Calculate the angle $\theta$ for which if the particle A is released, it undergoes perfectly elastic collision with another identical mass B placed at rest and B is found to just reach the horizontal position of its string.

Answer 1

Solution

The problem involves two main physical principles: conservation of mechanical energy and elastic collision.

Velocity of particle A just before collision:

Particle A is released from rest at an angle $\theta$ . Its string length is $L_A = 2l$ . The vertical height dropped by particle A is $h_A = L_A - L_A \cos \theta = 2l(1 - \cos \theta)$ . Using the principle of conservation of mechanical energy, the potential energy at the initial position is converted into kinetic energy at the lowest point (just before collision).

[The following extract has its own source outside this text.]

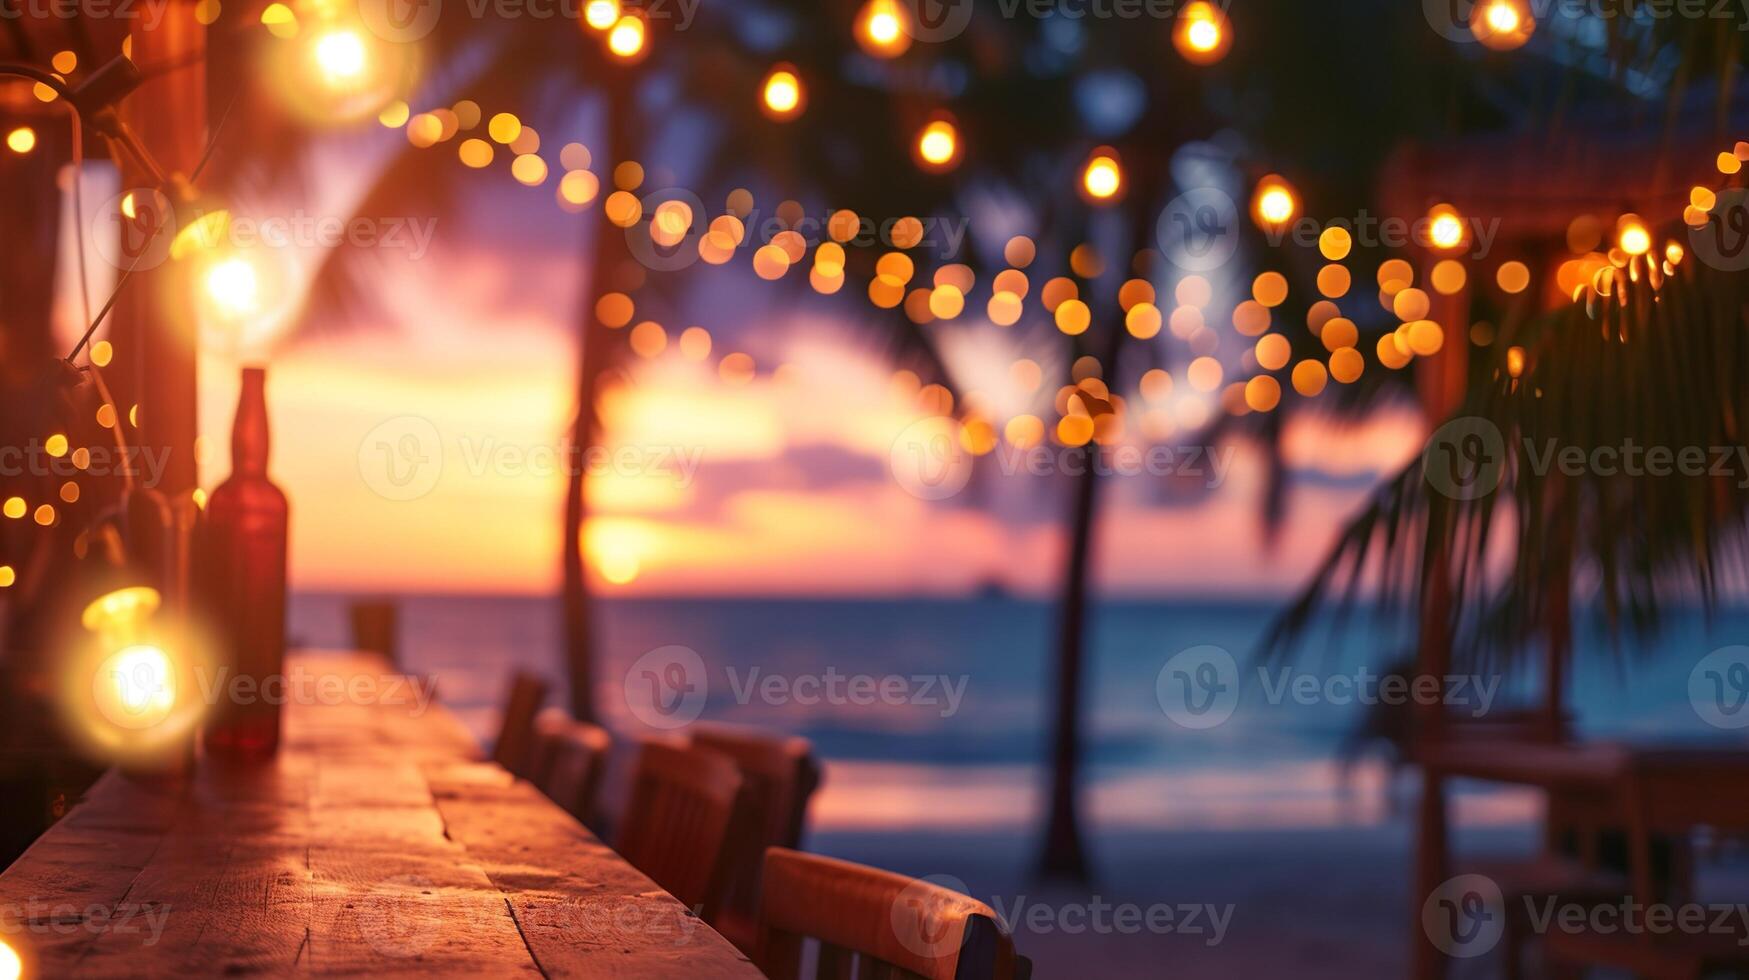 AI generated Blurred beach bar background at sunset. Bar top and chairs, palm trees, warm string lights, with ocean waves and a colorful sky. photo

$m_A g h_A = \frac{1}{2} m_A v_A^2$

$m_A g [2l(1 - \cos \theta)] = \frac{1}{2} m_A v_A^2$

$v_A^2 = 4gl(1 - \cos \theta)$

$v_A = \sqrt{4gl(1 - \cos \theta)}$
Velocities after the perfectly elastic collision:

The collision is perfectly elastic and involves two identical masses ( $m_A = m_B = m$ ). Particle B is initially at rest. In a perfectly elastic collision between two identical masses, if one is initially at rest, they exchange velocities. Therefore, after the collision:
- Velocity of particle A ( $v_A'$ ) = 0 (particle A comes to rest)
- Velocity of particle B ( $v_B'$ ) = $v_A$ (particle B moves with the initial velocity of A)
So, $v_B' = \sqrt{4gl(1 - \cos \theta)}$ .
Velocity required for particle B to just reach the horizontal position:

Particle B has a string length of $L_B = l$ . To just reach the horizontal position, its final height must be $h_B = l$ (relative to its lowest point). Using the principle of conservation of mechanical energy for particle B after the collision: The kinetic energy of particle B at the lowest point is converted into potential energy at the horizontal position.

$\frac{1}{2} m_B (v_B')^2 = m_B g h_B$

$\frac{1}{2} m (v_B')^2 = m g l$

$(v_B')^2 = 2gl$

$v_B' = \sqrt{2gl}$
Solving for the angle $\theta$ :

Equating the expressions for $v_B'$ from step 2 and step 3:

$\sqrt{4gl(1 - \cos \theta)} = \sqrt{2gl}$

Squaring both sides:

$4gl(1 - \cos \theta) = 2gl$

Divide both sides by $2gl$ :

$2(1 - \cos \theta) = 1$

$1 - \cos \theta = \frac{1}{2}$

$\cos \theta = 1 - \frac{1}{2}$

$\cos \theta = \frac{1}{2}$

Therefore, $\theta = 60^\circ$ .